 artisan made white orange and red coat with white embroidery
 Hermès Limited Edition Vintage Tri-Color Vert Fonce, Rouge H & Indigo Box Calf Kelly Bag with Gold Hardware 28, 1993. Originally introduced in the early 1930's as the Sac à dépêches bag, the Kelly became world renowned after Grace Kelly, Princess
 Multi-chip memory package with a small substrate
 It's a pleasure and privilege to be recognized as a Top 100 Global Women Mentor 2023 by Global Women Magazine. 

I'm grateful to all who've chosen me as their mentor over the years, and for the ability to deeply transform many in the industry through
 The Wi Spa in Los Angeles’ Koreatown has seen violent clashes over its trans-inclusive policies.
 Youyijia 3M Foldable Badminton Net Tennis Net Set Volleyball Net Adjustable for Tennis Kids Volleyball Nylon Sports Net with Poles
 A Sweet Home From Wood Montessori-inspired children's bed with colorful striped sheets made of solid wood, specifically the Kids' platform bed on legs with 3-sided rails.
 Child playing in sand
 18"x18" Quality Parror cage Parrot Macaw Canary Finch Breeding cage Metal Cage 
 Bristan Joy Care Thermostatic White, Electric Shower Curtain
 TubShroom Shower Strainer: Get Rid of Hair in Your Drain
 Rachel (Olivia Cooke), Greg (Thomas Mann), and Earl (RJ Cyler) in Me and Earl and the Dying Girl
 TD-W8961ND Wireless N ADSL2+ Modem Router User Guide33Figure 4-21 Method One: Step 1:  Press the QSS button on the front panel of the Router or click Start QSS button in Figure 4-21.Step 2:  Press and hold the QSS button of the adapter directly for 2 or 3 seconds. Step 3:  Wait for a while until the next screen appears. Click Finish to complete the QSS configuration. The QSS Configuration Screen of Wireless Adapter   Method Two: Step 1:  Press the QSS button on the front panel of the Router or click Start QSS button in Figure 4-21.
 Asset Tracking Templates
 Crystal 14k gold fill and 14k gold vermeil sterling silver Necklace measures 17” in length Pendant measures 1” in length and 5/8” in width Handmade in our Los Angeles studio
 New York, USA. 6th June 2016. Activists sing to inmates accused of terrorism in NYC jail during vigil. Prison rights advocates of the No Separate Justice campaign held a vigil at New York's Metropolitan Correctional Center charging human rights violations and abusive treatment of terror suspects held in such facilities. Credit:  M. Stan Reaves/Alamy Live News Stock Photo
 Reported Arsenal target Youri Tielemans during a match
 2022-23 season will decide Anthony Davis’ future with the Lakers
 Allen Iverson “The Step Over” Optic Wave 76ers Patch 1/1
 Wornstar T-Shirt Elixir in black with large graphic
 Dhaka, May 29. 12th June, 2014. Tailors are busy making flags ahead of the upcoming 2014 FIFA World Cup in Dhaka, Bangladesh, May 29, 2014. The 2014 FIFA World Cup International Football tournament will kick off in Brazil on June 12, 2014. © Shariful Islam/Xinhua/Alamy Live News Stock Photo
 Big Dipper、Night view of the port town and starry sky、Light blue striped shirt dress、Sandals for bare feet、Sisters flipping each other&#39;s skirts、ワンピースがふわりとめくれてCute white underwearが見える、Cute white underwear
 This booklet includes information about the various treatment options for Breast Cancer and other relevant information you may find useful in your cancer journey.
• • •
* Problem to solve
Return, from the material above, each line holding the string "striped".

* Written reply
 A Sweet Home From Wood Montessori-inspired children's bed with colorful striped sheets made of solid wood, specifically the Kids' platform bed on legs with 3-sided rails.
 Big Dipper、Night view of the port town and starry sky、Light blue striped shirt dress、Sandals for bare feet、Sisters flipping each other&#39;s skirts、ワンピースがふわりとめくれてCute white underwearが見える、Cute white underwear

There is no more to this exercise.